The Norfolk light rail system, The Tide, is open for business and a whopping 5,600 people ride it everday. By 2020, transit officials optimistically expect ridership to double. So, they’re calling it a success, even though costs are going to be at least 50 percent, and perhaps even double, the original estimates. Randal O’Toole has a pithy comment on this over at the Antiplanner.
What’s more interesting, however, is the comparison to Charlotte’s light rail LYNX line. Charlotte’s line is also considered a success by advocates, even though its costs were way over budget. (Although, interestingly enough, the final cost per mile, about $45 million according to transit officials, is about the same for both lines.) Employment in Charlotte’s downtown is about twice that of Norfolk’s, and ridership is about double as well (15,000 daily riders).

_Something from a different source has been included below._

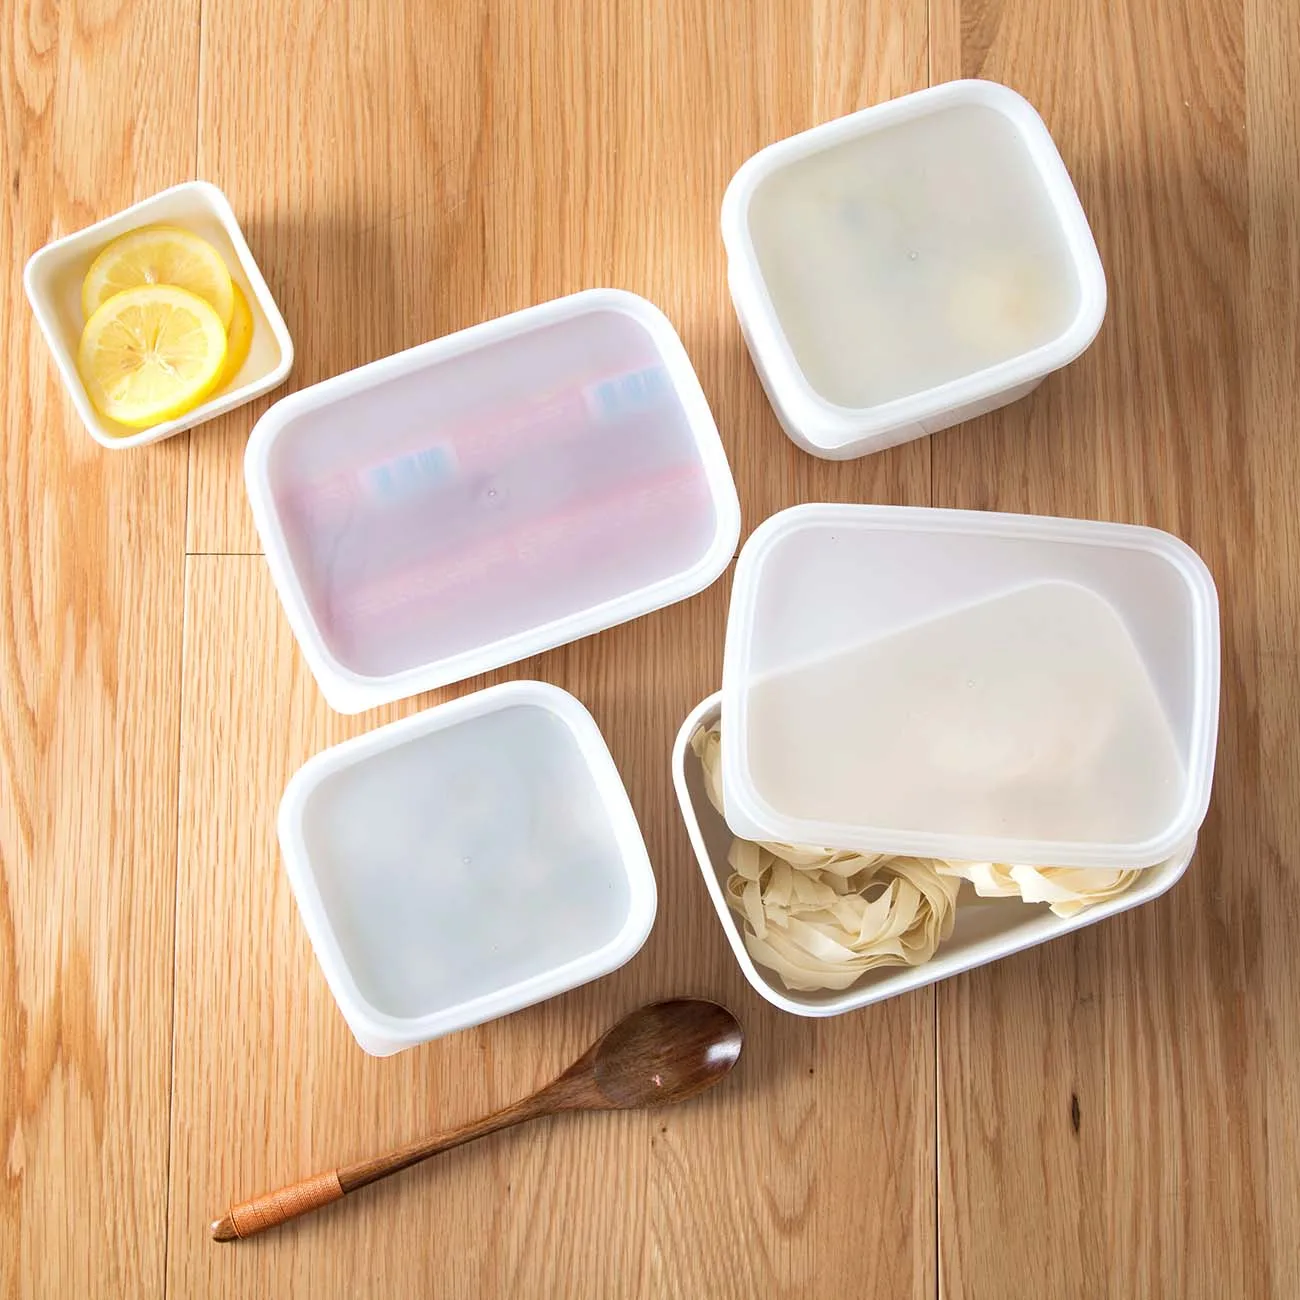 1 шт. кухонные контейнеры контейнер для хранения продуктов Ланч-бокс органайзер для холодильника Bento коробки для хранения продуктов пластиковый чехол

Another interesting point: One reason light rail system are meeting their projections is because they are lower to start with. In the 1990s, projections typically had average daily ridership at 20,000 or more per day. Now, forecasters are projecting ridership half those levels. At least that’s some progress, even if it’s not in the direction advocates would want.
But this experience begs yet another question: Is there a ridership level low enough that rail wouldn’t be justified by its advocates? I have my doubts, if 5,600 daily riders on line with 11 stops is considered a triumphant success.
I’ve blogged on low ridership estimates and projections before, and a couple of posts are here and here. Also, check out the 2004 Reason Foundation policy study (No. 321) by Ted Balaker and Tables 14, 15, 16, 17 and 18.